Antisemitische Verschwörungsmythen sind also nicht nur ein Versuch der Rationalisierung und Personifizierung von Herrschaftsverhältnissen in bürgerlichen Gesellschaften. Sie geben im irrationalen Anteil ihren Anhängerinnen und Anhängern eine Identität. Im Prozess der Identitätsbildung werden nicht nur gesellschaftliche Widersprüche und Zumutungen abgespalten und auf die »Bösen« projiziert, sondern auch eigene nicht-eingestandene Triebimpulse. Die »Studien zum auto­ritären Charakter« haben auf den Zusammenhang des Mechanismus der Projektivität mit einer Verschwörungsmentalität hingewiesen. Antisemitische Verschwörungsmythen geben ihren Anhängerinnen und Anhängern eine Identität als betrogene Deutsche und ermöglichen eine Personifizierung des Bösen und seiner Handlangerinnen und Handlanger als »Volksverräter« und »Lügenpresse«.
Der Göttinger Politikwissenschaftler Samuel Salzborn sieht im Anschluss an Stöss’ historisch-programmatische Geschichte des Rechtsextremismus seit dem 11. September 2001 eine besondere Verschwörungskampagne am Werk.

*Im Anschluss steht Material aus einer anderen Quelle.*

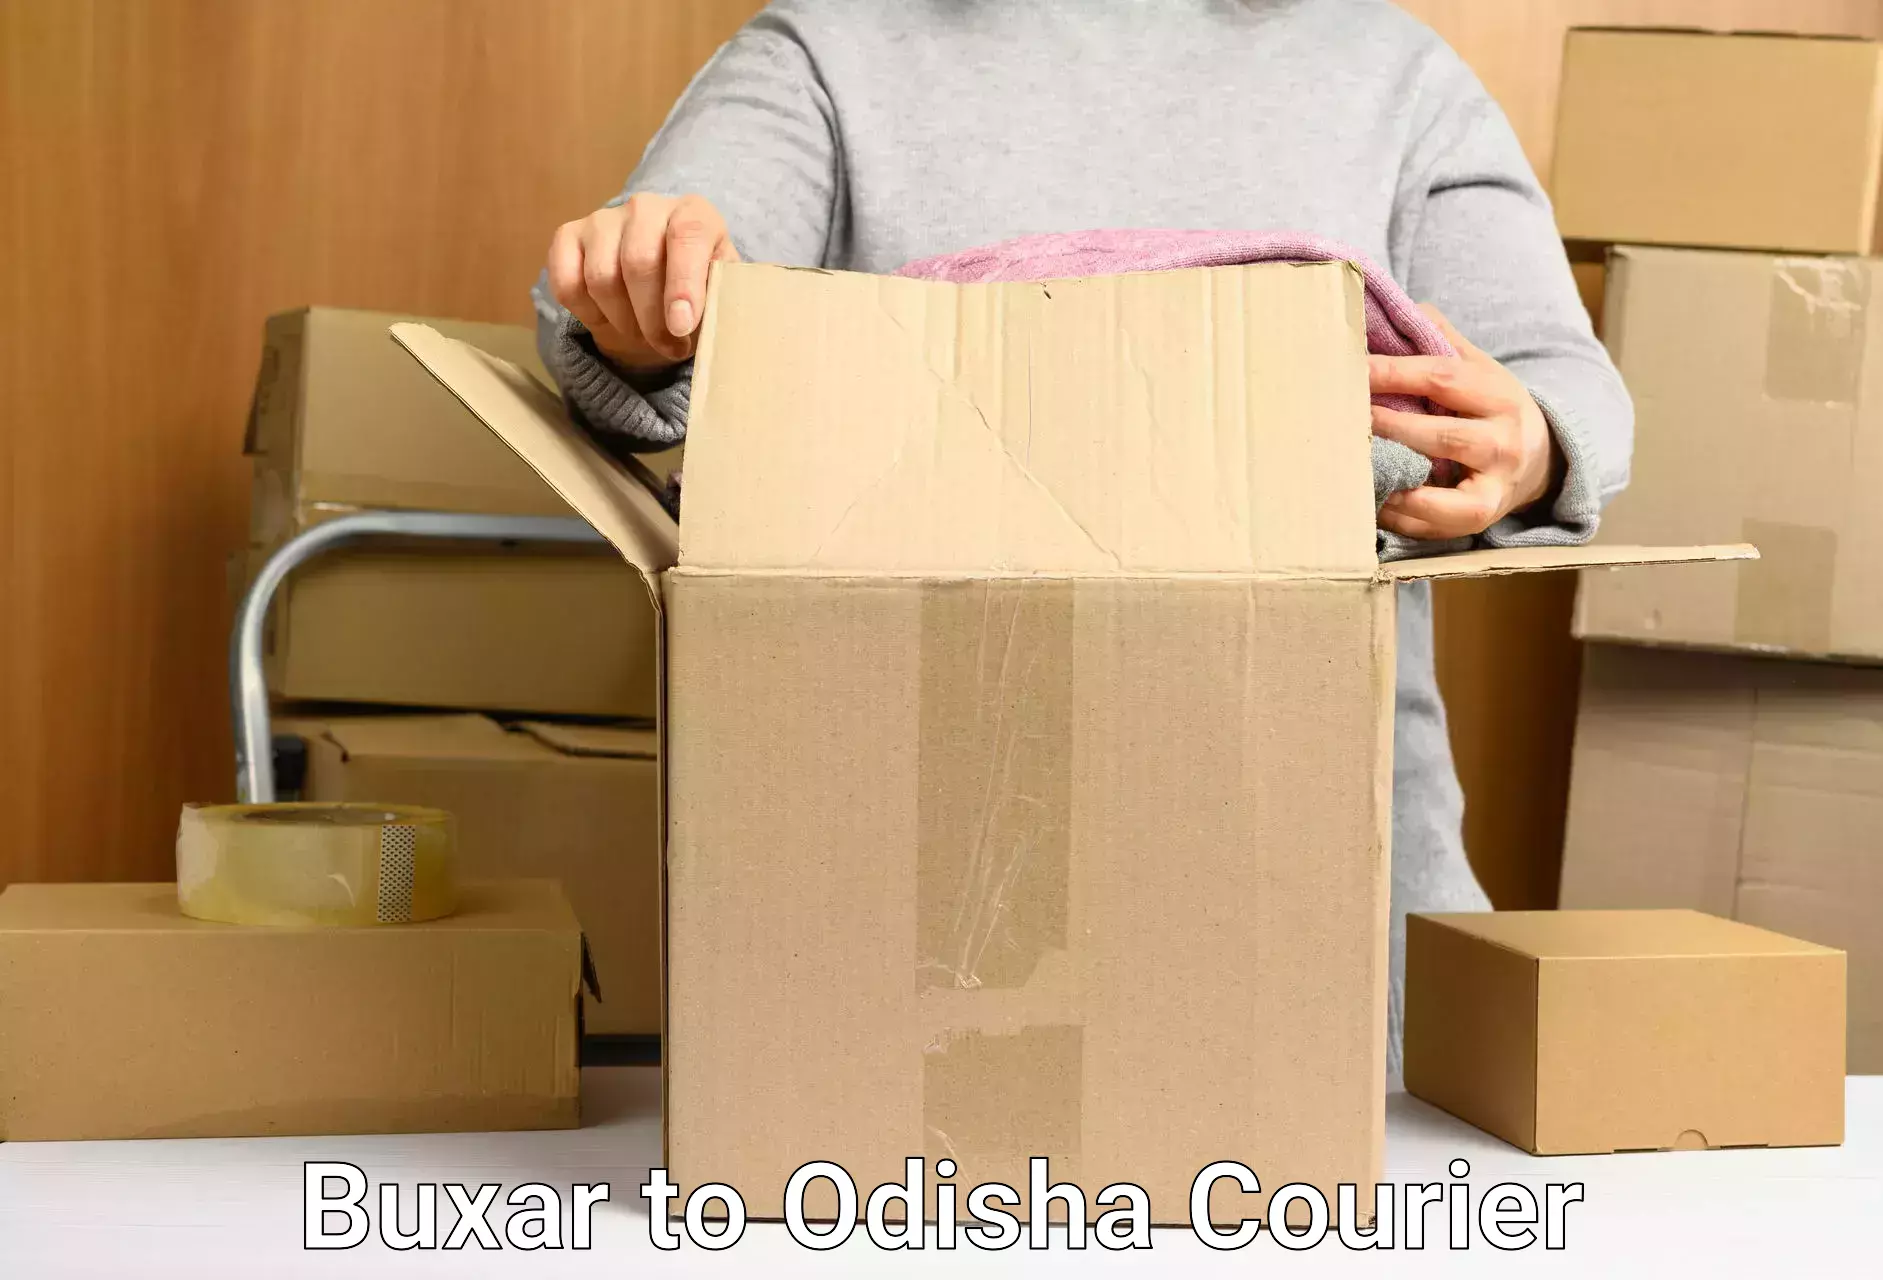 Professional courier handling Buxar to Kishorenagar

Der derzeit wirksame Mythos einer antideutschen Weltverschwörung greift deren Überlegungen auf. Er bietet den ideologischen Kitt für Bündnisse über das Milieu der »Reichsbürger« und »Selbstverwalter« hinaus. Wolfgang P. teilte auf Facebook öffentlich ein Bild, auf dem »antideutsche US-Besatzer« als Verschwörer genannt werden. Adrian U. betreibt eine Website, die sich dem Kampf gegen die NWO widmet. Der verschwörungsideologischen Projektion bietet auch die AfD Raum. In ­ihrem Grundsatzprogramm heißt es, eine kleine, machtvolle politische Führungsgruppe innerhalb der Parteien, der »heimliche Souverän«, sei es, der »die Fehlentwicklungen der letzten Jahrzehnte zu verantworten« habe. Aber auch Teile der linken Szene betrachten Deutschland als »US-Kolonie« und seine Einwohnerinnen und Einwohner als Entrechtete.

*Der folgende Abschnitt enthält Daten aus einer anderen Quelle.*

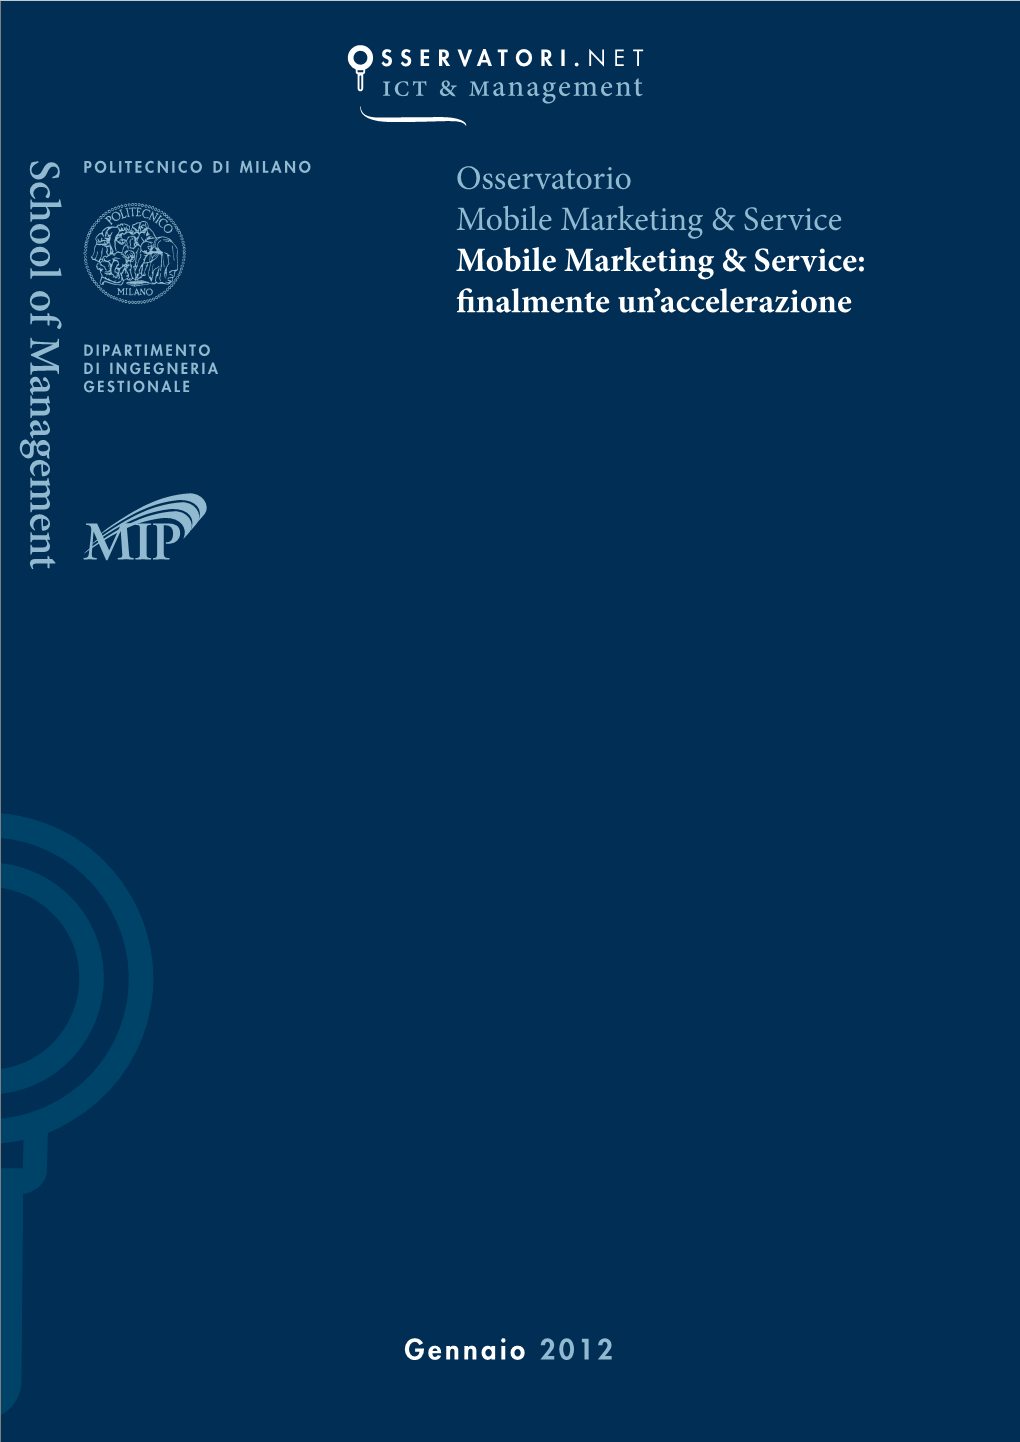 Mobile Marketing & Service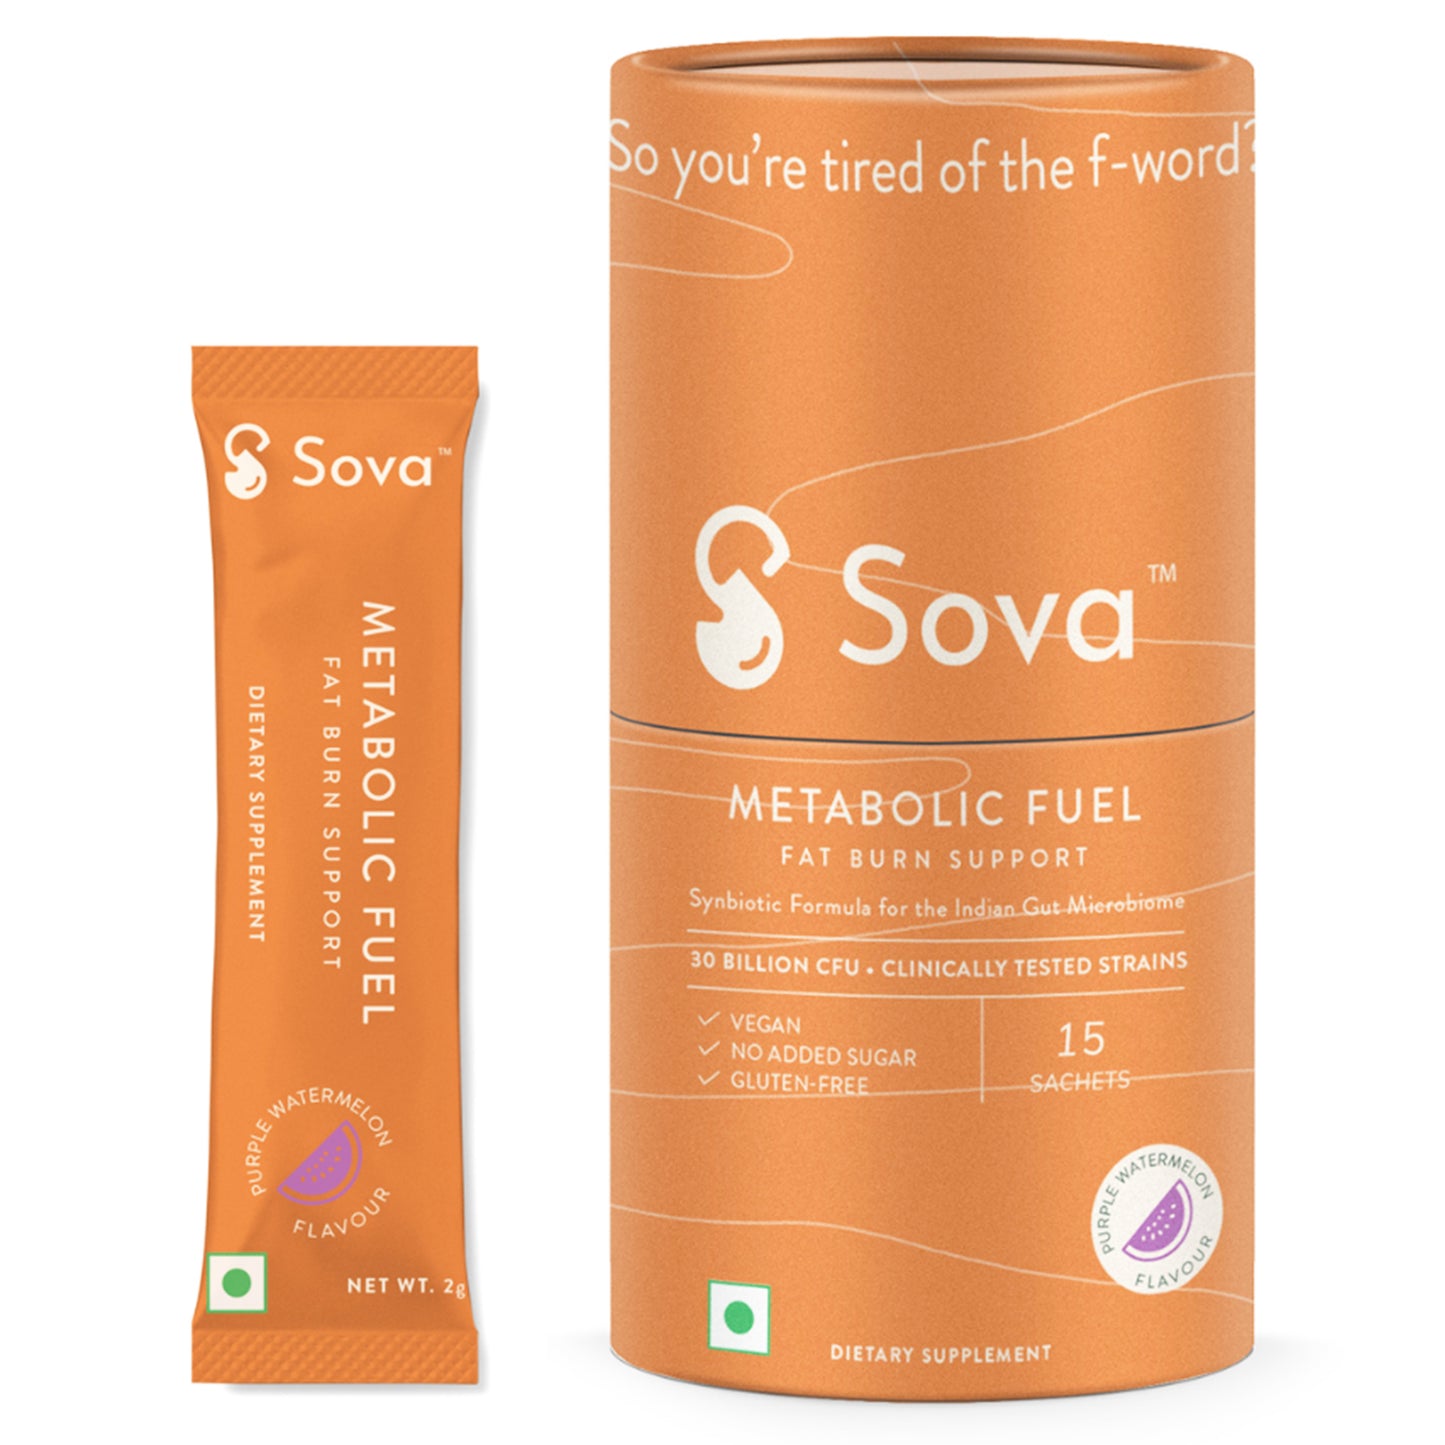 Sova 代谢燃料脂肪燃烧支持西瓜味

In der derzeitigen Auseinandersetzung um »Reichsbürger« werden die zentralen antisemitischen Verschwörungsmythen als sekundär abgetan. Das Milieu der »Reichsbürger« und »Selbstverwalter« wird durch den vermeintlich notwendigen Bezug auf ein Deutsches Reich exotisiert und externalisiert. Die wahnhafte Haltung Einzelner kann jedoch von der gesamtgesellschaftlichen Dimension nicht entkoppelt werden. Es zeigt sich, dass der Mythos der antideutschen Weltverschwörung nicht nur gesellschaftlich an­schlussfähig ist. Er motiviert Menschen zur Gewalt gegen die vermeint­lichen Verschwörerinnen und Verschwörer: Der Galgen für »Volksverräter« droht allen, die als Feinde des deutschen Volkes wahrgenommen werden.